Send the children out for their every-other weekend visitation without their daily prescription medication, so the father will have to utilize his lawyer at $300/hour to schedule a hearing two months later to resolve the issue of the mother not providing him with adequate, or any, prescribed pills for the children, making sure to write a letter on the last visitation Friday before the hearing which describes how she has (just) provided him with said medication (after a month and a half of not doing so) so that he can cancel the hearing which has cost him thousands already.
When under a duty to let the father know where the children are at all times, by either communication in person or by phone or in necessary circumstances, by written communication, mail a letter while leaving town after school on Friday, describing where the children will be during a three-day holiday weekend, using a nearby pre-scouted mailbox that the Post Office picks up from at 11a.m. on M-F but not on weekends or holidays, so that the children can see how cooperative she is but which written communication will get to him the following Wednesday at the earliest, days after the children are already back in town.
When the father calls on his cell phone (never answer his calls of course) and leaves a voice-mail asking if the mother would bring to him the spare key she has to the jointly owned pickup he uses (while she is exclusively using the far-more comfortable family van) because he has accidentally locked his key in the vehicle while miles from home, put the children in the car so they can see how cooperative and kind she is and leave the key in his mailbox but don't tell him it is there, so he can find it days later after considerable expenditure in time and money to get a second key already.
When the mother's lawyer tells the father's lawyer how she doesn't have enough money at hand to provide for the children for the following week, and he gratuitously brings over two $500 money orders and leaves them inside a padded envelope taped to her top porch stair so she is sure to see it when she returns home (as well as leaving her a VM), and as he sees the envelope flapping in the wind, he puts a skipping stone inside the envelope to weigh it down so it won't blow away, spend the next year of litigation writing in practically every motion how the father has menacingly sent her rocks in the mail.
Send the children out in their stockinged feet and shirtsleeves for their court-ordered visitation when their father arrives on a cold winter Friday afternoon to announce by a well-practiced refrain that "Mom sent us out ready to go with you but we don't want to, so we're not coming," whereupon they scamper, like skipping, jolly little elves, back into her house and shut the door.
Don't tell the father about a gasoline and matches episode in a park involving one of the children while under her care, and, I suppose, the police, and when the father lights a couple of hand-held sparklers in the driveway with said child on the Fourth of July, have her unscrupulous-at-best divorce lawyer William Reichhardt of Fairfax bring this sparkler "incident" to the attention of the court at a subsequent hearing as an example of how unfit as a parent the father is in light of the prior incendiary issue in the park (unknown to him till that moment in the courtroom).
Send the children to several undisclosed psychologists (which is contrary to the prevailing custody order), at least one of whom was subsequently disciplined or maybe disbarred for general incompetence, until one finally had to report to the GAL that one of the children, in my opinion the child most vulnerable and put-upon for these suggestive get-dirt-on-dad attempts, had expressed violent ideation against himself, his father, or both if he had to go on visitation pursuant to the plain-vanilla court-ordered schedule. This abuse of this susceptible tender child breaks my heart even now.

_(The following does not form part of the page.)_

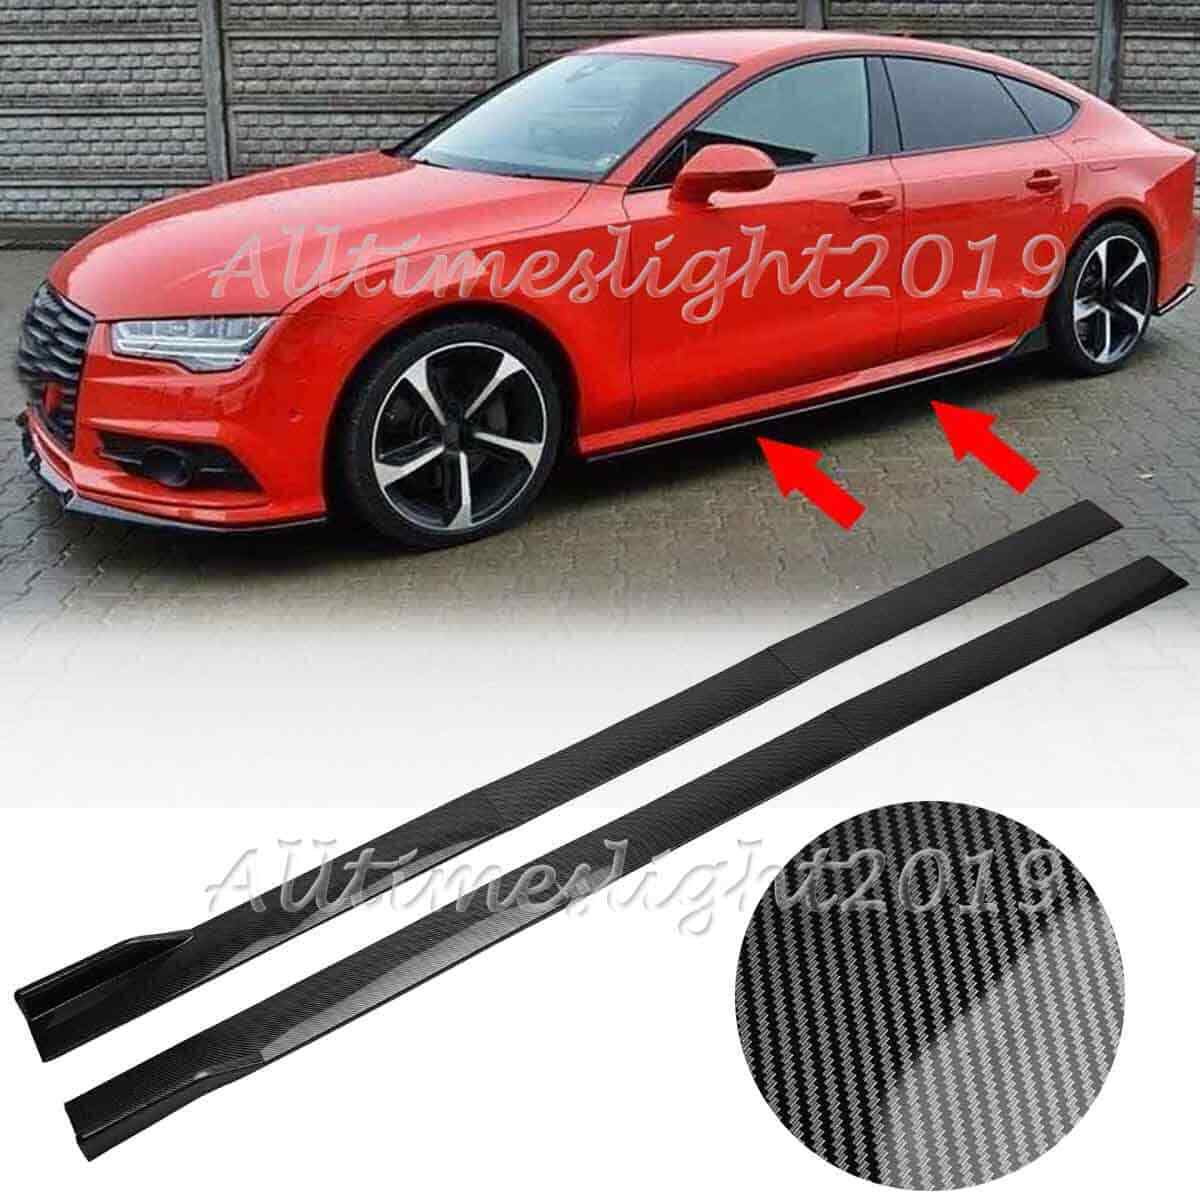 For Audi A3 S3 A4 S4 A5 S5 RS5 A7 A8 86.6'' Carbon Fiber Side Skirts Extension

Withdraw a child who is a special ed student from his public high school during the summer and send him to an out-of-state boarding school that fall which the father only learns about when he arrives in September at the public school for a long-scheduled IEP meeting which, unbeknownst to him till that moment, has long been cancelled by the school as no longer being necessary.
Shall I go on? Even a decade and a half later, my heart practically seizes up at these rending memories, and there are several even worse examples of despicable, unconscionable adult behavior in my opinion that went into brainwashing these now-adult children who haven't spoken to their father or any member of his bloodline in over a decade.
But congratulations on achieving full retirement age, Sharon! (BTW, how are our kids? And their kids?)